Despite these shortcomings, we presented an innovative mid-throughput and mechanically active device and our findings highlighted the relevance of the choice of a suitable FB and CM ratio, and the possible effects of the mechanical loading (even when applied in a physiological range) when aiming at mimicking cardiac fibrosis hallmarks in vitro.

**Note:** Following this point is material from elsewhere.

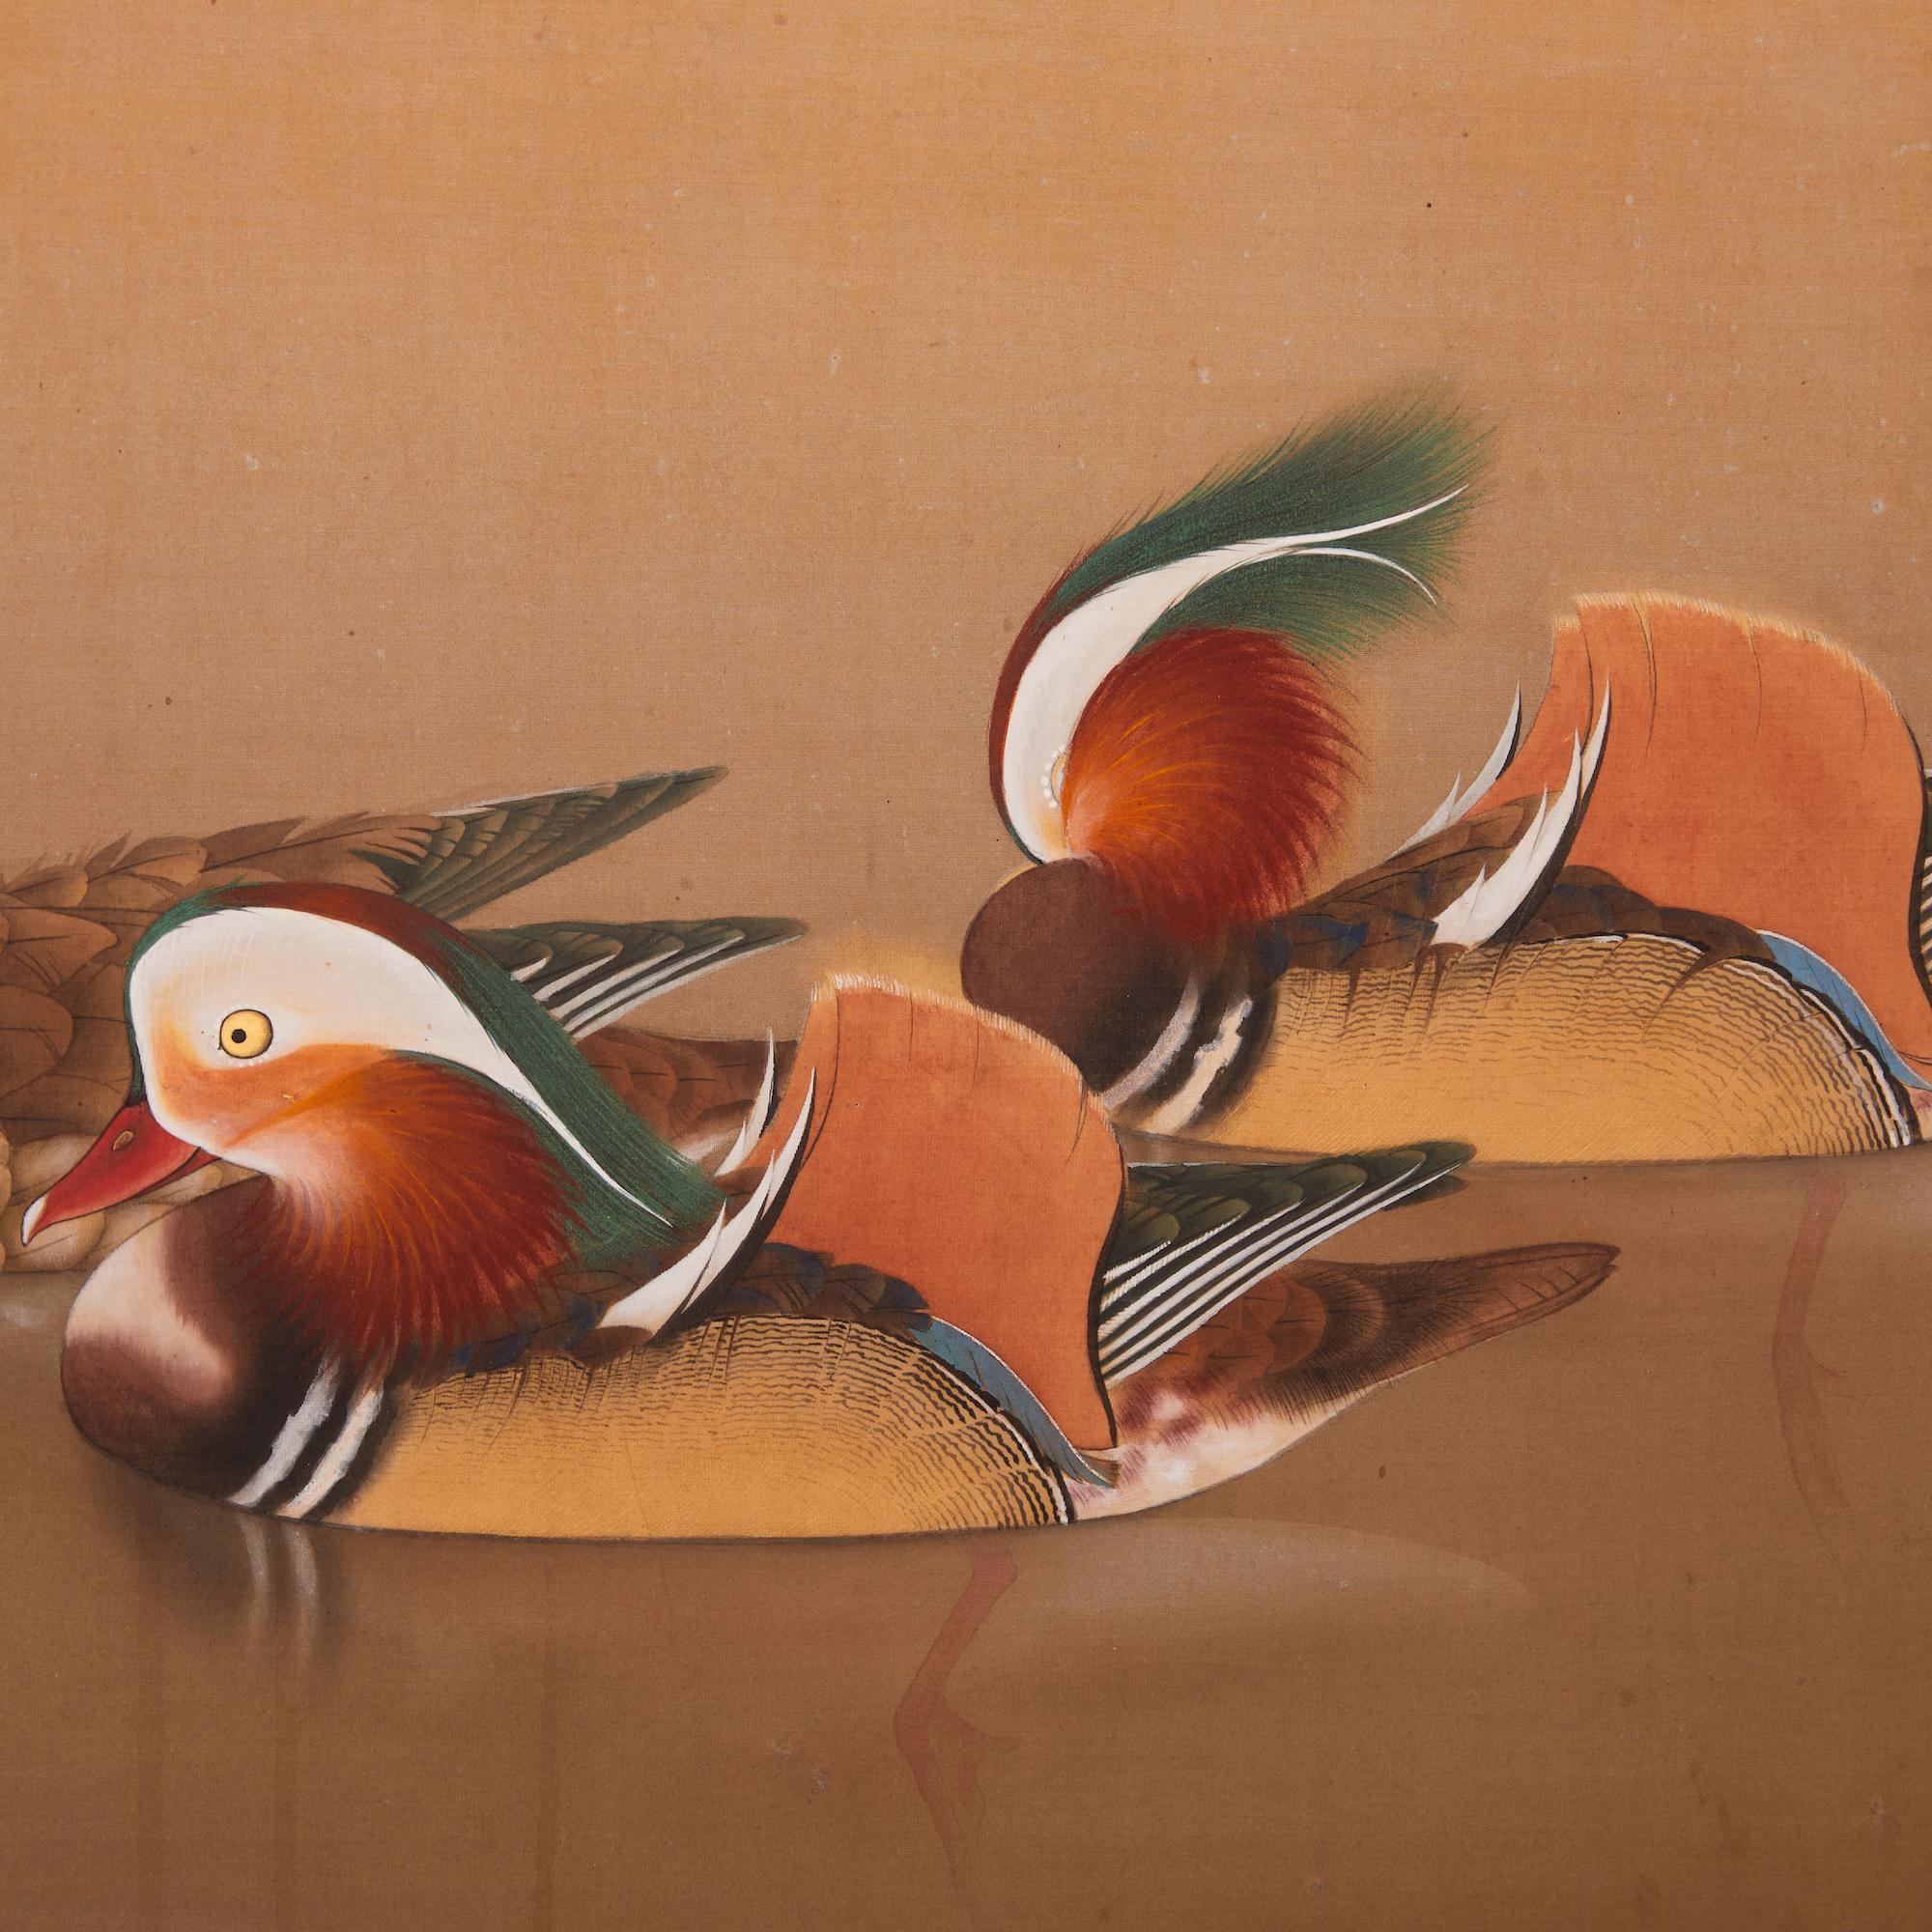 mandarin duckling for sale

Moreover, the here investigated different CM and FB co-culture ratios could also be representative of either the time evolution of fibrosis or of different areas of the damaged myocardium (scar region, border zone, not damaged area) upon a myocardial infarction.
Conclusions
We introduced a new MPS coupling a mechanically active environment with a higher throughput and we successfully exploited it to study how different percentages of CMs and FBs affect the possible onset of a fibrotic phenotype. The different ratios of CMs and FBs could be used to mimic different steps of the pathology and/or different regions of the affected myocardium (e.g. the scar tissue, or the border zone with still few living CMs). Therefore, such a model could help in better understanding the development of the pathology and in possibly envisioning new anti-fibrotic therapeutic solutions. Moreover, the proposed design could be generalised and adapted to provide, for instance, compression rather than stretching, making it useful in modelling musculoskeletal pathologies. We presented therefore a possible valuable instrument for both disease research and drug development and screening campaigns.
Materials and methods
Device design and fabrication
Layers constituting the device, namely the top culture chamber, thin un-patterned membrane, doormat valve layer, and pneumatic chamber layer (Fig. 1a), were fabricated through soft-lithography of PDMS (Sylgard 184, Dow Corning) onto SU-8 master molds (Microchem).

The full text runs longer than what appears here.